I am not sure exactly what these results represent! Based on the above test results, is the H.O.T. is good or bad? Would appreciate any feed back.

Thanks, peter
gary
PostPosted: Tue Aug 28, 2007 8:39 am    Post subject:

dont know the chassis as it is not uk, however i have had a similar problem with the md1 philips tv, the disc capacitor across line output goes s/c due to insufficient rating, the cure is to replace with a 3kv version as you have done, however when the cap dies it often destroys a component in the protection circuit called the "line switch", this is an fet, ref 7480 in the md1, its job is to prevent the line stage being supplied with ht until the micro has checked line drive is correct and all voltages are present, when this fet goes faulty the line stage starts before it should and the micro detects this as an error and shuts the set down, may not be applicable to your set but worth investigating, typical philips over engineering.
pamminger
PostPosted: Sat Aug 25, 2007 3:48 pm    Post subject:

Hi-

Well I quess that is what I'm having trouble with: exactly how does one correctly test the HOT? I've got a simple voltmeter and can probably get my hands on a more advanced one if needed.

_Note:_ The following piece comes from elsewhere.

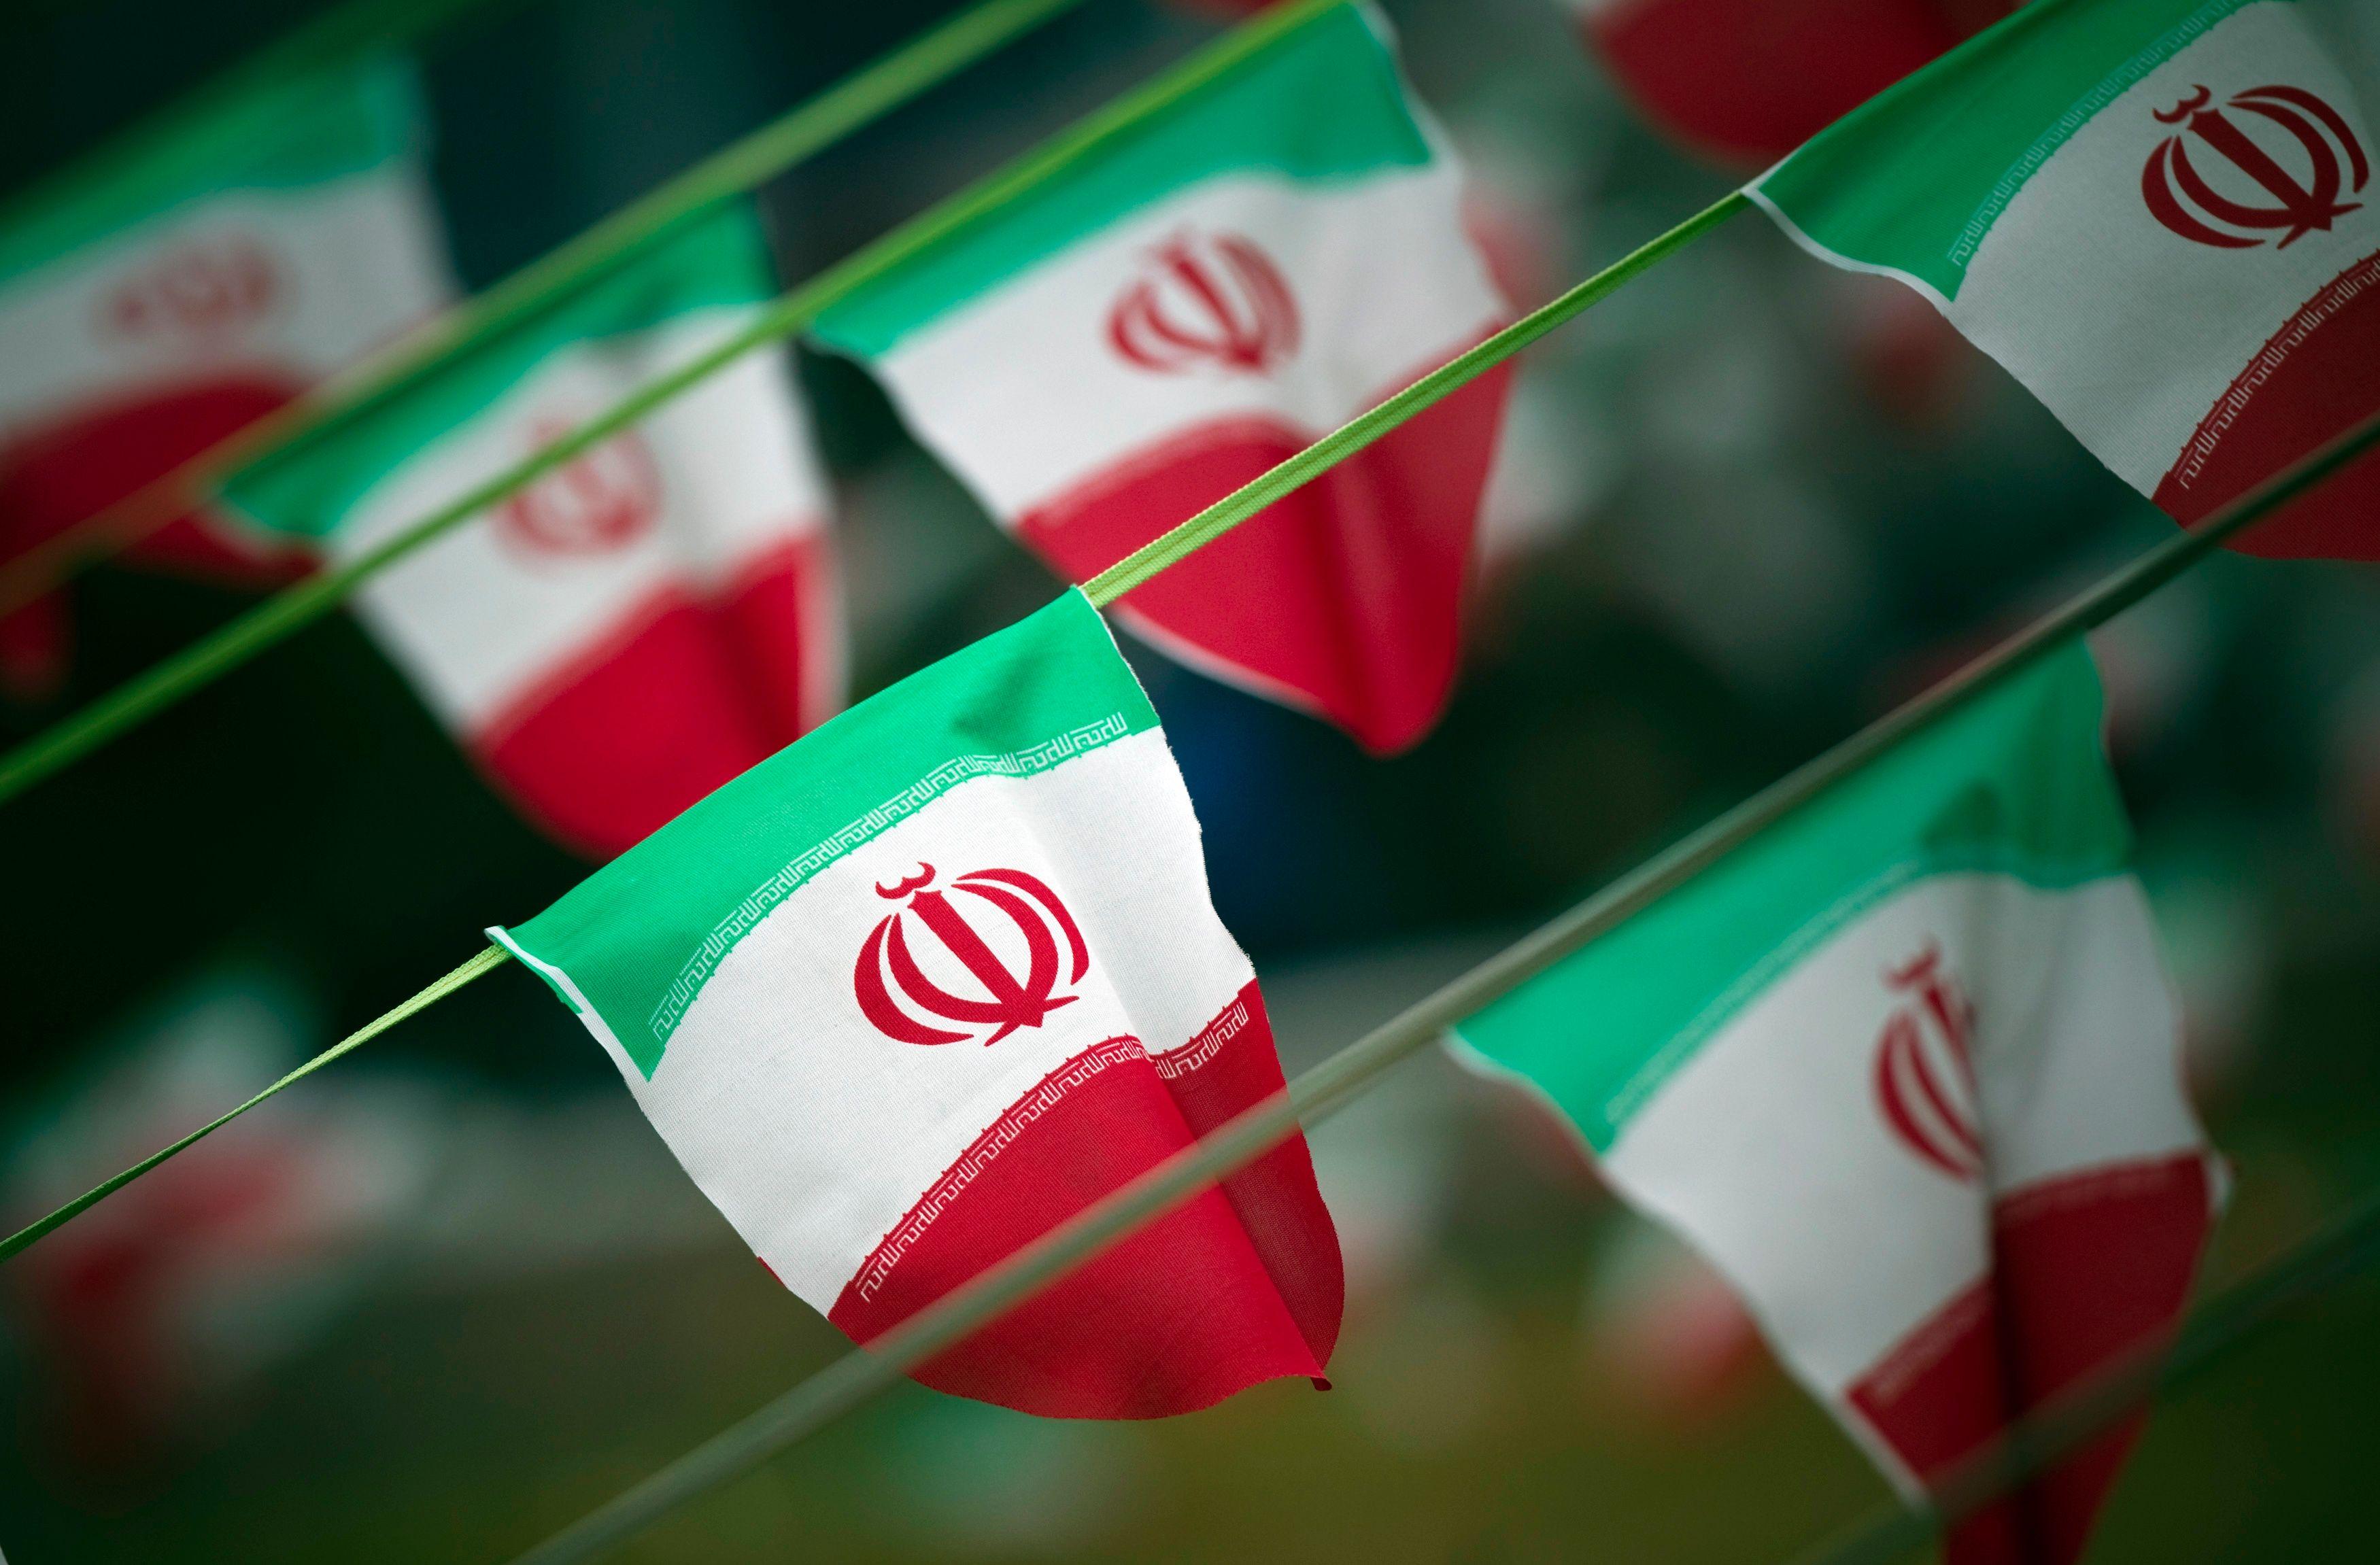 L'ONU a indiqué que l'Iran ne fera pas partie de Genève 2.
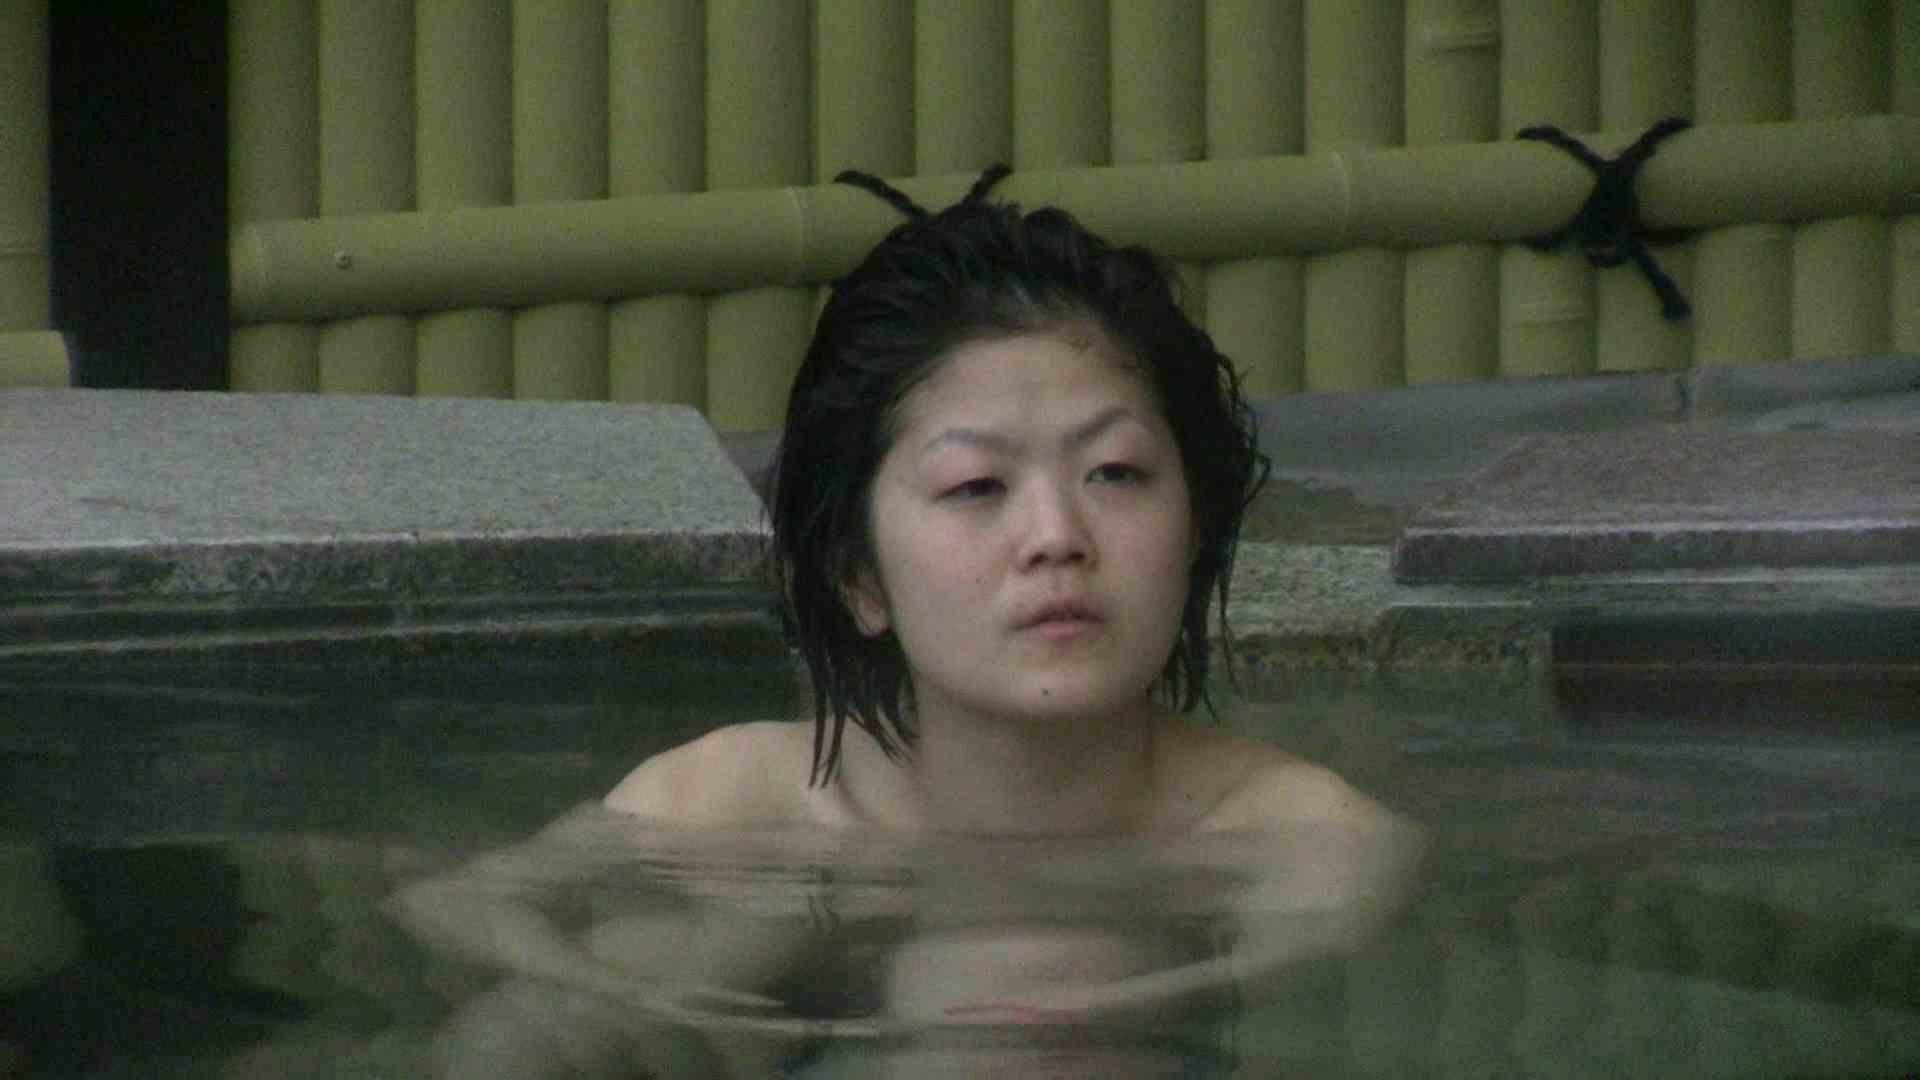 Aquaな露天風呂Vol.538 OLのエロ生活  90連発 48

Please advise; Thanks for your response and time!

Sincerely, Peter
minnie
PostPosted: Fri Aug 24, 2007 10:53 pm    Post subject:

Is the horizontal out put transistor shorted???
pamminger
PostPosted: Fri Aug 24, 2007 6:25 pm    Post subject:

hi there -

cap was a 2 kV replaced with a 3 kV which is a relatively high voltage. apparently this capacitor failing is a common prblm with this particular set. no i don't have a 'road map' and thus the request if anyone had one available.
why do you think the prblm would be with the power supply if the horizontal output transistor has 120 volt dc coming to it?
no other components are visual damaged appearing. what do you mean with the vco?
thanks for your response! if you have any other ideas please don't hesitate
Guest
PostPosted: Fri Aug 24, 2007 3:45 pm    Post subject:

you have big problem i never had a 820 pfd blow up and are u sure of 2v i don't think they make that low voltage for 820pfd. your problem is somewhere else i suspect the power supply look for bulgy caps and also leds can also come on if the vco is out of range the hi voltage fails without a road map is hard to tell. good luck.
pamminger
PostPosted: Fri Aug 24, 2007 3:10 pm    Post subject: philips tp3281 TV

Hello -

Does anyone out there have a copy of a service manual for a philips tp3281 c101 TV or the schematics for the 32d700-7570 chassis they would be willing to share? Or possibly know what the error code on the power LED represents that is continous 5 flashes pause then repeat.

Found a burnt capacitor pF820 2V at position 2633/2644 on the main board which I replaced with a 3kV unit. I have 120 Vdc at the center pin of the 'HOT', but still the set fails to start: clicks once and then nothing except the flashing at the LED.

Would like very much to get the set back working and any help would greatly be appreciated. Thanks in advance for your time!